Klinkum der RWTH Aachen, Neurolinguistik und Neuropsychologie

Montag, 08.12.2003, 16 Uhr c.t., Hörsaal 9
Überblick
Das Thema des Vortrags ist die Modalitätsspezifität der sprachdominanten Hemisphäre. Seit der Erforschung neurofunktioneller Repräsentationen von Sprache ist die Frage nach der Modalitätsspezifität der Hemisphärendominanz sprachlicher Funktionen ein zentrales Thema der neurowissenschaftlichen Kognitionsforschung. Mit Hilfe eines neueren Forschungsansatzes, der Gebärdensprachforschung, kann nun dieses Wissen erweitert werden, da Laut- und Gebärdensprachen unterschiedliche In- und Output-Modalitäten nutzen.

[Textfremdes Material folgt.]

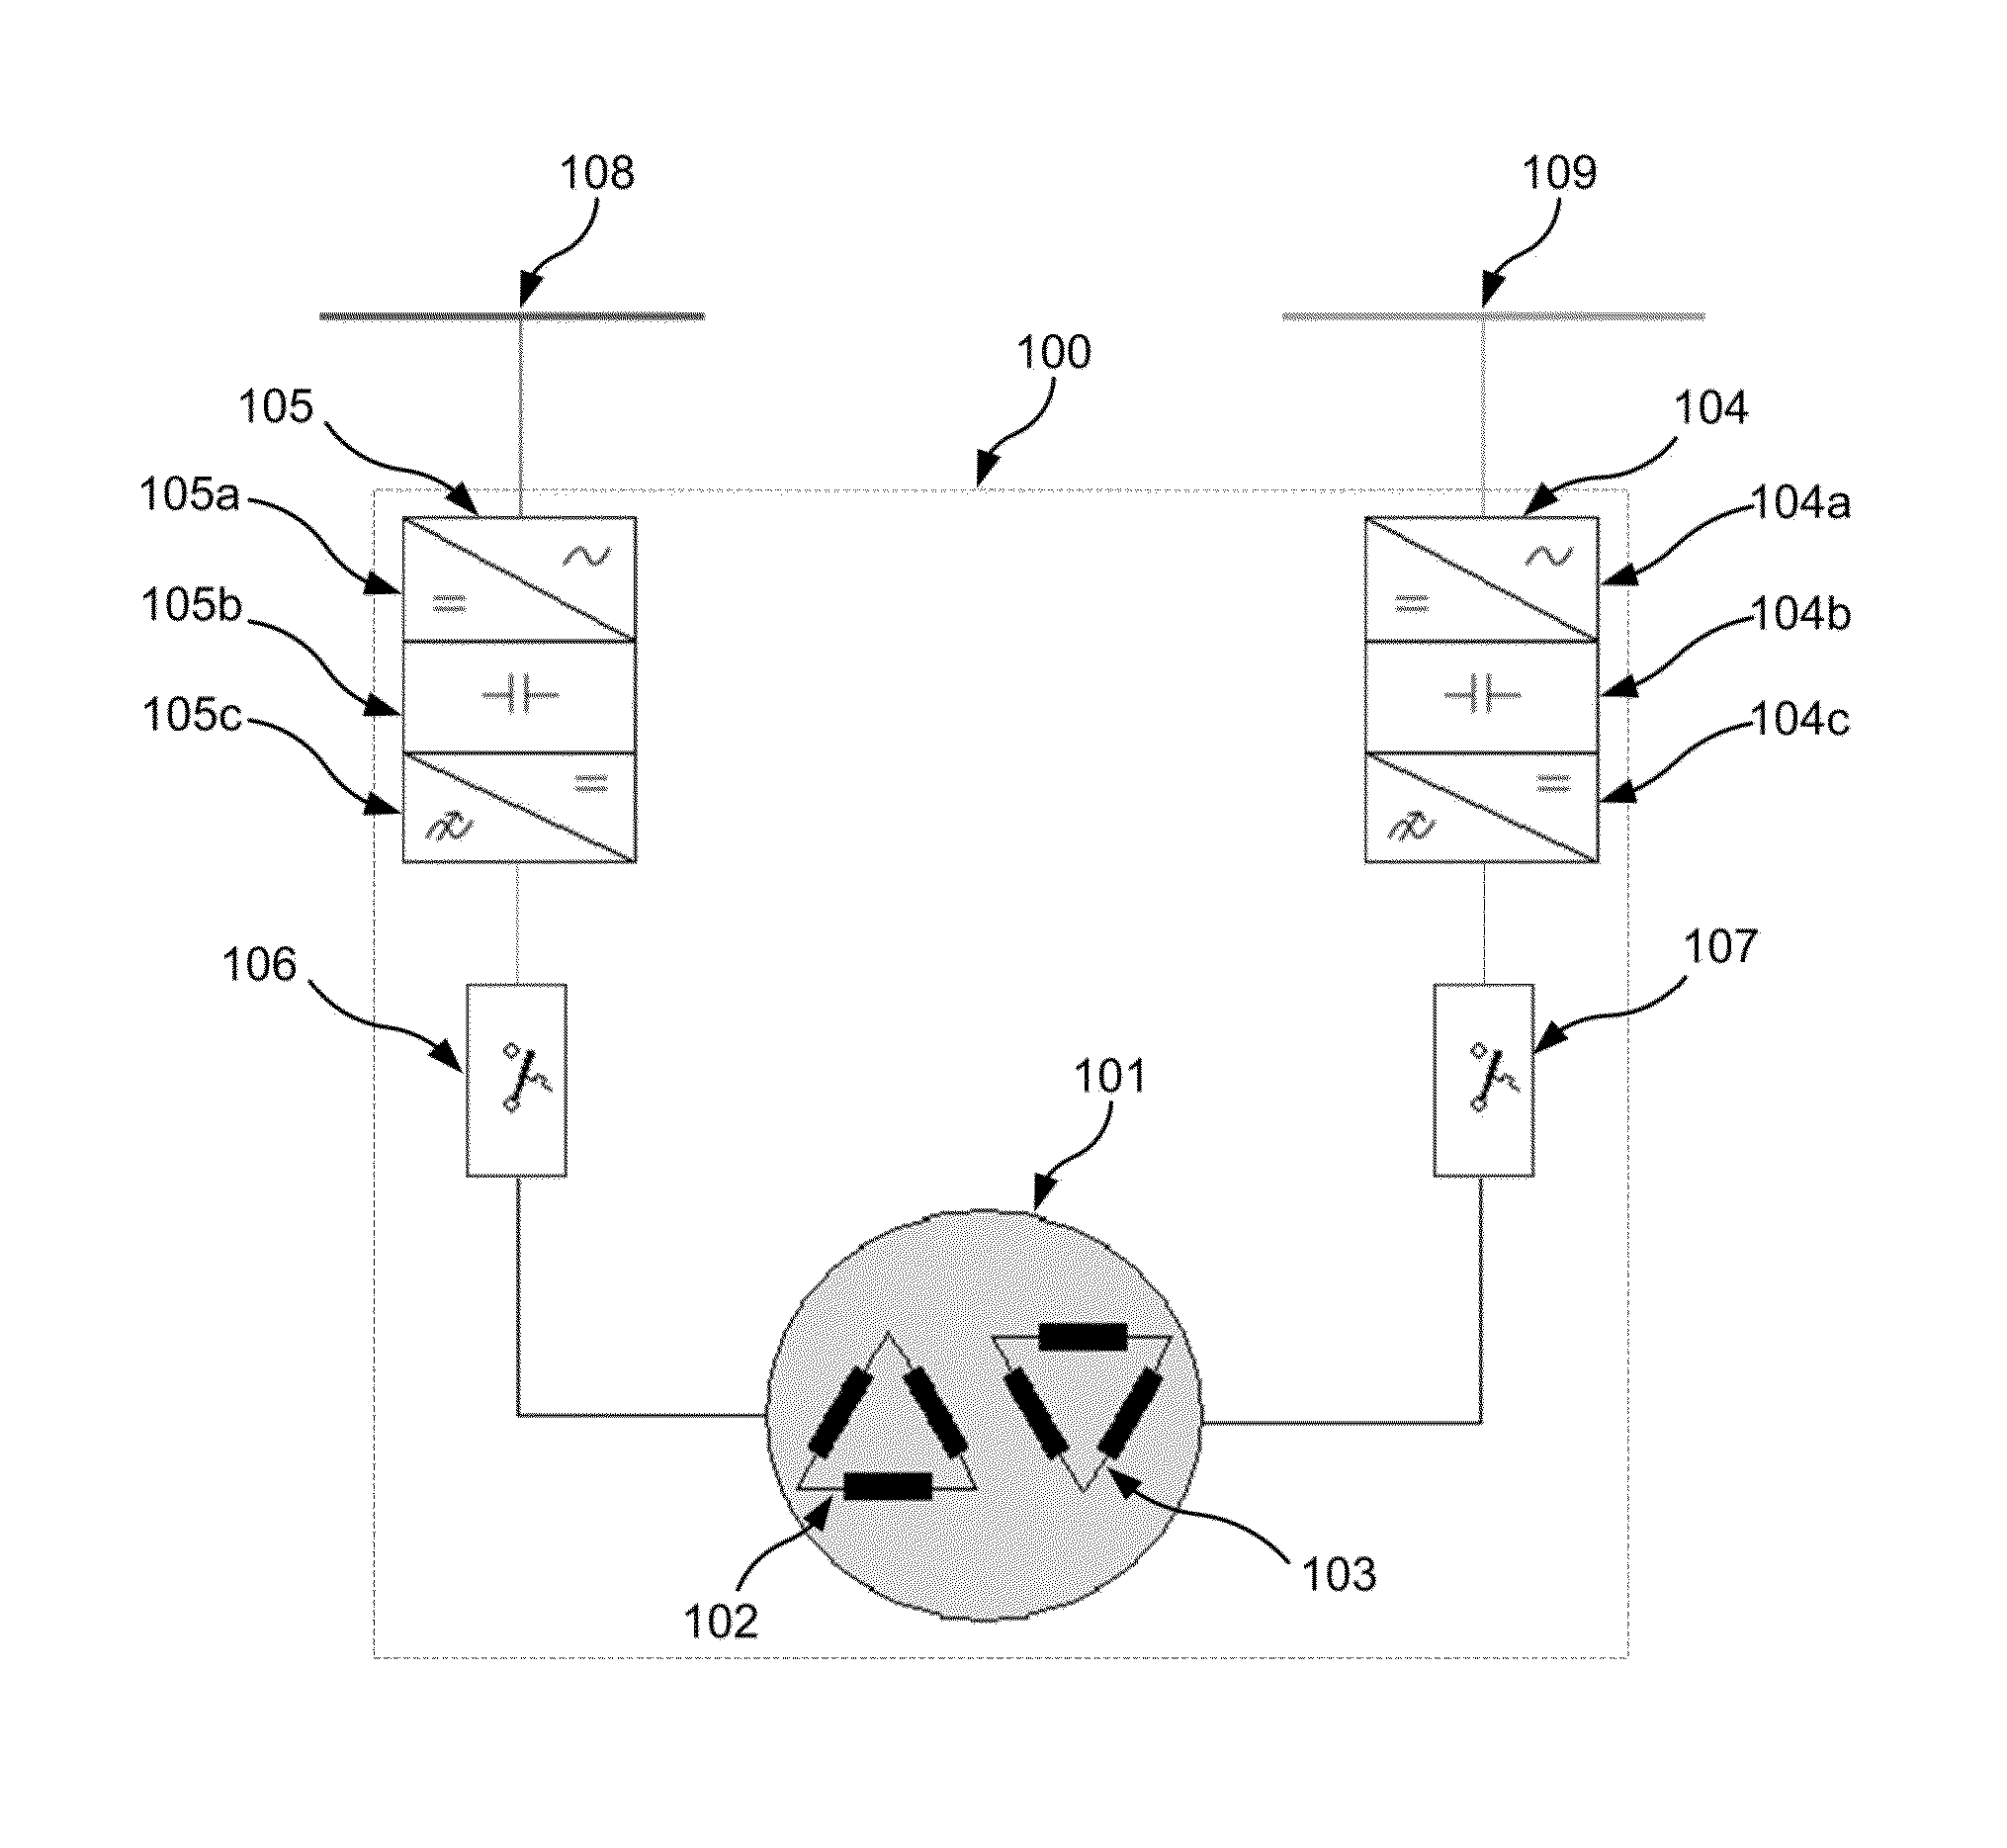 Blade pitch system with a dual winding actuator

Durch die Untersuchung von Unterschieden und Gemeinsamkeiten in den cerebralen Reprdsentationen der Gebärdensprache einerseits und der Laut- bzw. Schriftsprache andererseits kann eruiert werden, inwieweit sprachliche Funktionen modalitätsspezifisch oder supramodal organisiert sind. Ziel des Vortrags ist es, einen Überblick über den aktuellen Forschungsstand und die diskutierten Hypothesen zu geben. Des weiteren wird eine vor diesem Hintergrund geplante Studie zur cerebralen Repräsentation bildhafter Gebärdenzeichen bei gehörlosen Probanden mit primärer Kompetenz in Deutscher Gebärdensprache und bei hörenden Probanden ohne Kompetenz in DGS vorgestellt werden, die zur Zeit am Universitätsklinikum Aachen durchgeführt wird. Das Ziel der Studie ist es, zu überprüfen, ob transparente Gebärdenlexeme in denselben linksseitig gelegenen perisylvischen Netzwerken verarbeitet werden wie nicht-transparente Gebärden- und Schriftlexeme.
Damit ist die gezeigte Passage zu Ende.